There’s nothing worse than wandering around a city in search of a bike share. Correction: there’s nothing worse than wandering around a city in the rain while searching for a bike share. The additional time and misery really defeat the whole point of taking a bike. If you’re in a place like New York City, where 8.8 million people averaged 72,000 bike rides in 2020, this could be a common occurrence.

Thankfully, a large amount of data about bike availability is available and frequently used in the data-science community. Kaggle datasets predict bike availability, NYC’s bike-share map offers some real time bike availability information and Cliff Kranish provides a historical analysis of journey patterns. But what about predictions?

I want to generate real time predictions about bike availability in the next hour and in the next day that take weather into account. This requires a machine learning model and infrastructure to make the model’s insight constantly available to end users. A one-off API call to get historical data to train my machine learning model will not be enough. This task of taking ML to production is one of the primary challenges in any data-science project — 87% of machine learning projects never make it to production. And it’s even more challenging with real time data.

 

Deploying models in real time is hard

It’s generally agreed that the large and varied group of people needed to deploy ML models makes them difficult to deploy. They need people working on IT architecture, statistics, ML model training, and deployment, which form IT, data science and data engineering teams. That range means there’s some inherent disconnection between everyone.

Moreover, streaming data keeps getting harder to handle. These challenges make it usually difficult for us data scientists to extract the value of real time data.

This is my skill graph as a data scientist. The purple shows my abilities and indicates what type of people I need to work with to develop ML models.

 

 

The empty-skill area demonstrates why I can’t deploy ML models by myself. I mean, I could take a few months to learn Kafka, real time cloud deployment skills, and generally improve my software engineering skills, but who has time for that?

 

How to fix my streaming data engineering gap easily with Quix

I could call a data engineer friend and get some help. Someone whose skill graph fills in my gaps.

 

 

Working with a data engineer is fine, of course. But it will take a while and I’ll lose some control of the process. This impacts aspects of the ML model, including data-transformation strategy architecture.

But what I would love is a tool that generates an efficient real time Kafka infrastructure with deployment and version control. That’s precisely what Quix does.

Quix lets me complete all aspects of the ML model projects using Python. Quix’s real time SDK is faster and more efficient than Kafka and Flink, and the platform is simpler to use than anything else — the factor that I and other data scientists care about most. I can now accomplish on my own in just a few hours what would have taken me and a data engineer friend months. I can deploy my machine learning model in real time using Quix and my Python skills alone.

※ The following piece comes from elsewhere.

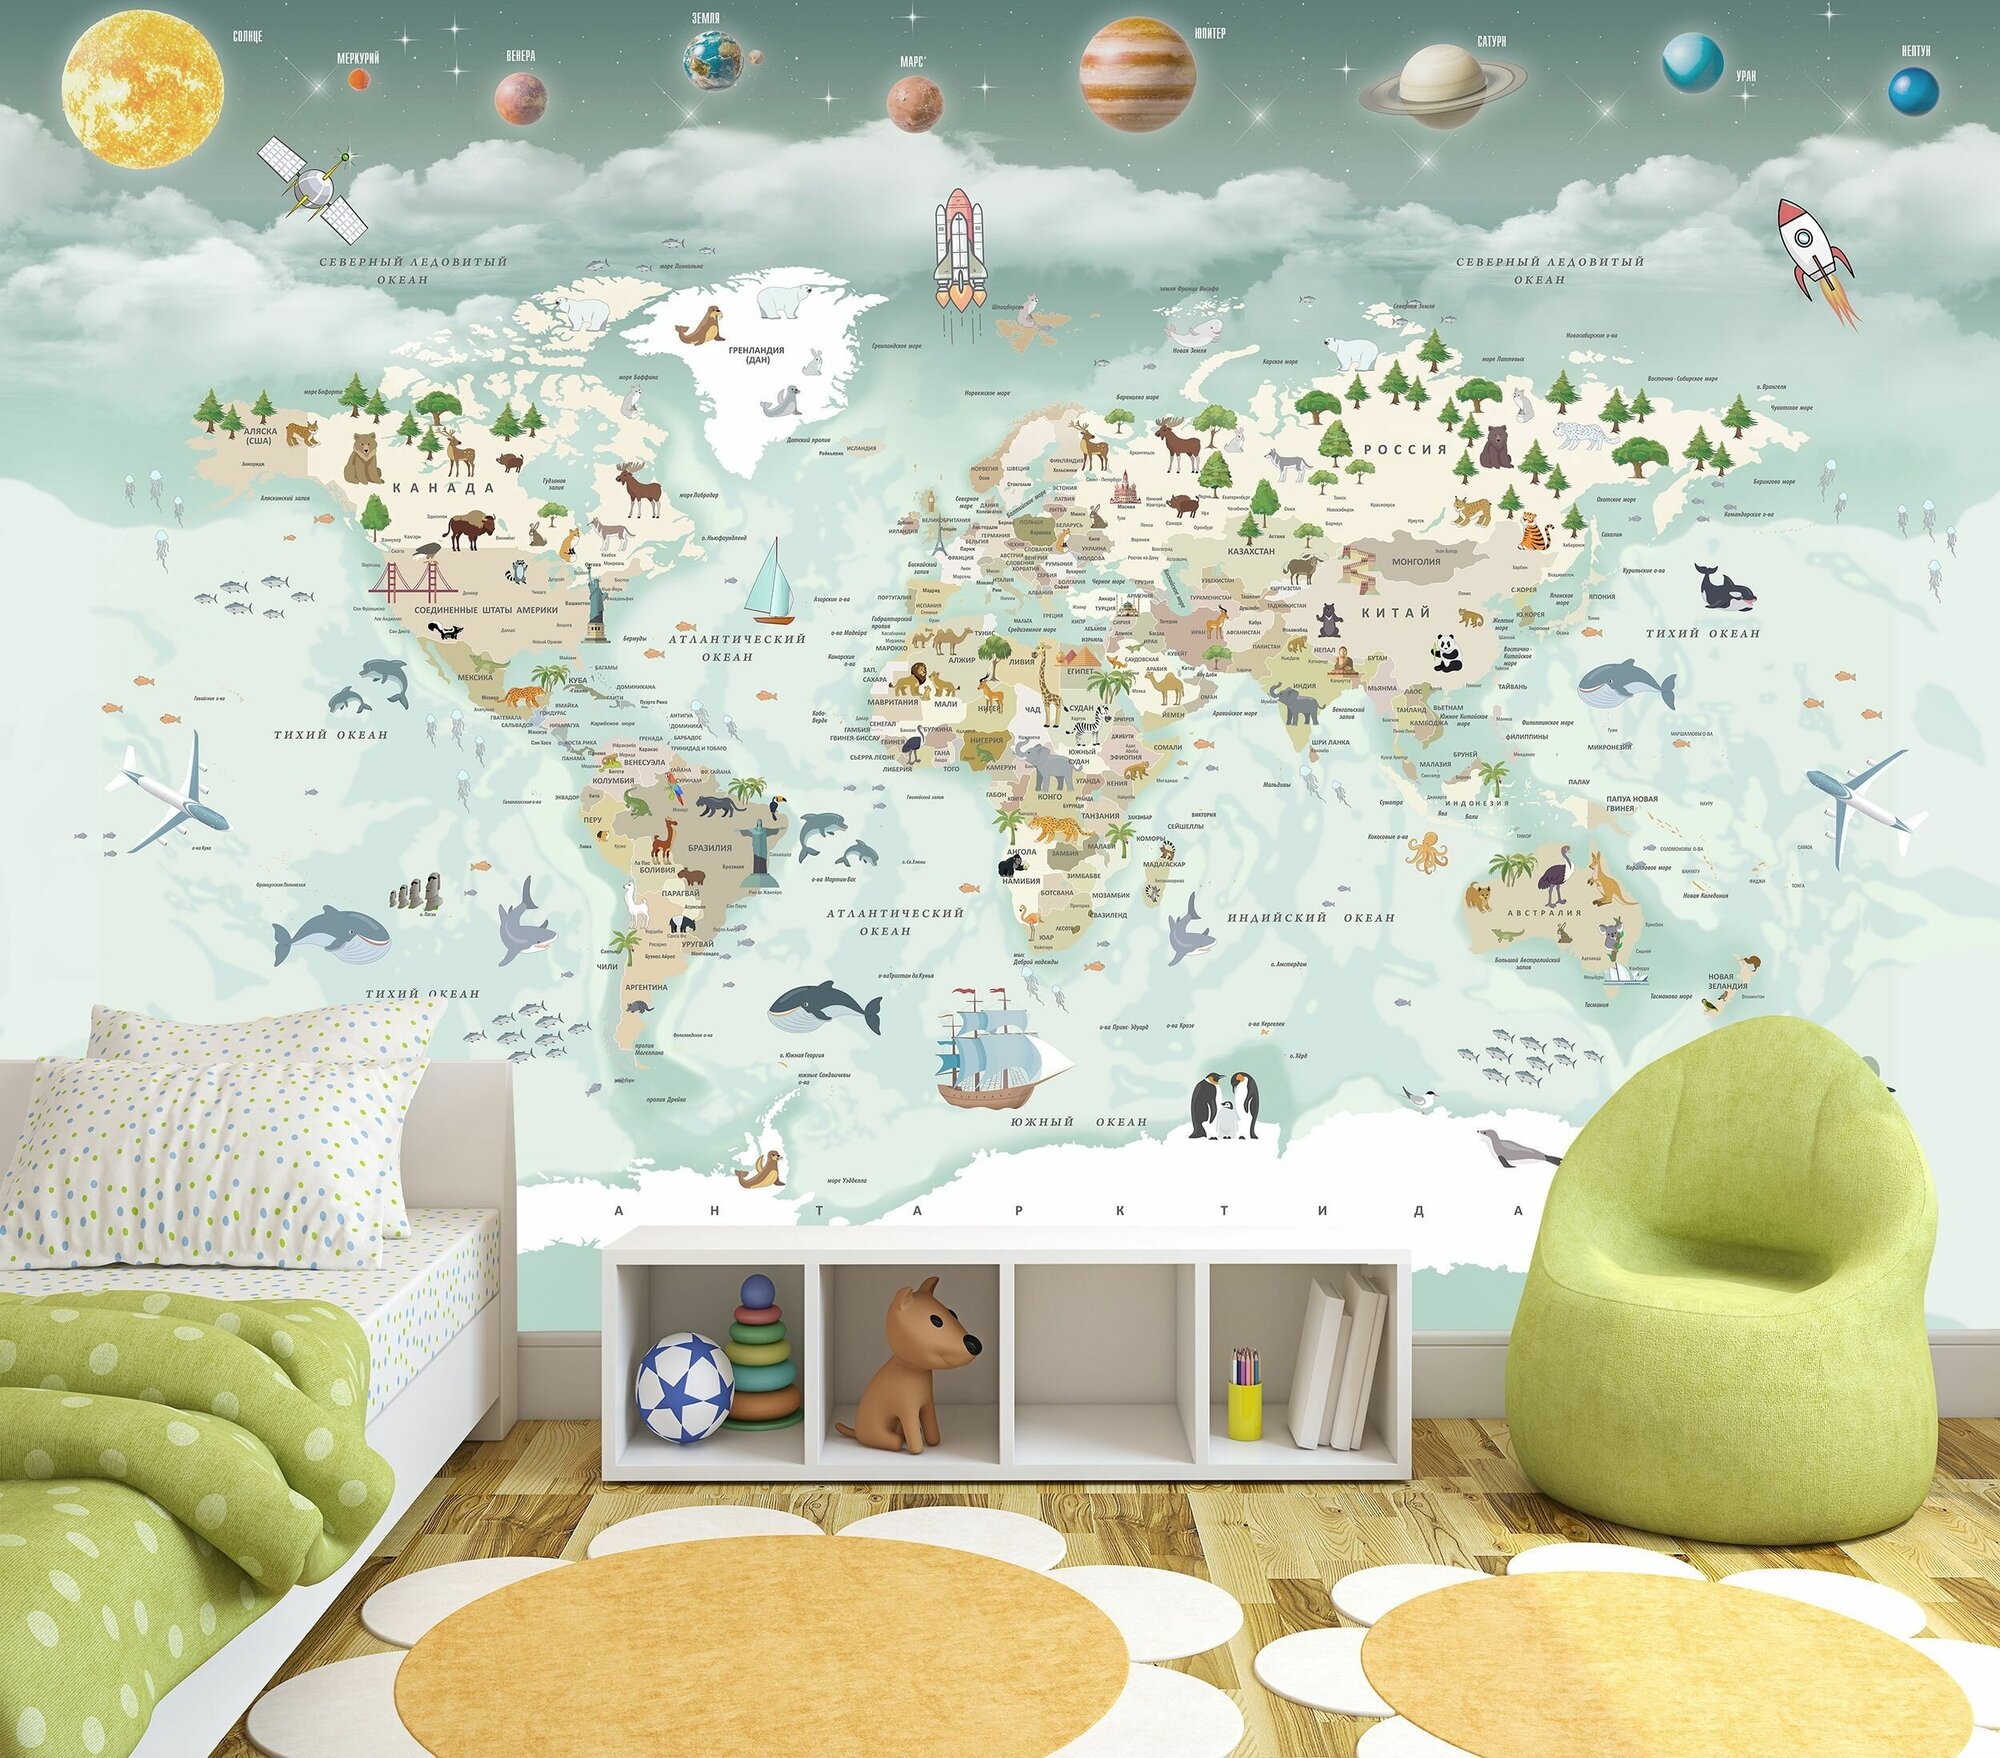 Фотообои флизелиновые 300х190см. на стену. Серия MAPS ARTDELUXE. Детская карта мира и планеты. Обои дизайнерские, эксклюзивные для детской комнаты.

This means that I now have the option to change my machine learning modelling strategy. I won’t need enormous amounts of data to train a model that learns what happens every month, week, day and hour.

I can use a feed for the real time number of bikes that already accounts for most of the variations caused by sporting events, holidays and construction to help my predictions for the next hour and the next day.

 

How to predict the real time availability of bikes in New York City using Quix

Quix allows me to build Kafka topics by clicking a single button. I can then add several streams to that topic to parallelize the data flow if needed for low latency reasons.

We have a very detailed tutorial with turn-by-turn directions in our documentation. For a higher-level overview of how to achieve this, here are the key steps for our bike use case.

 

1. Pipeline Creation

The first step was to create streams of real time data. I created one topic for the bikes and another for the weather data (again, just with a click). You can read more about topics here.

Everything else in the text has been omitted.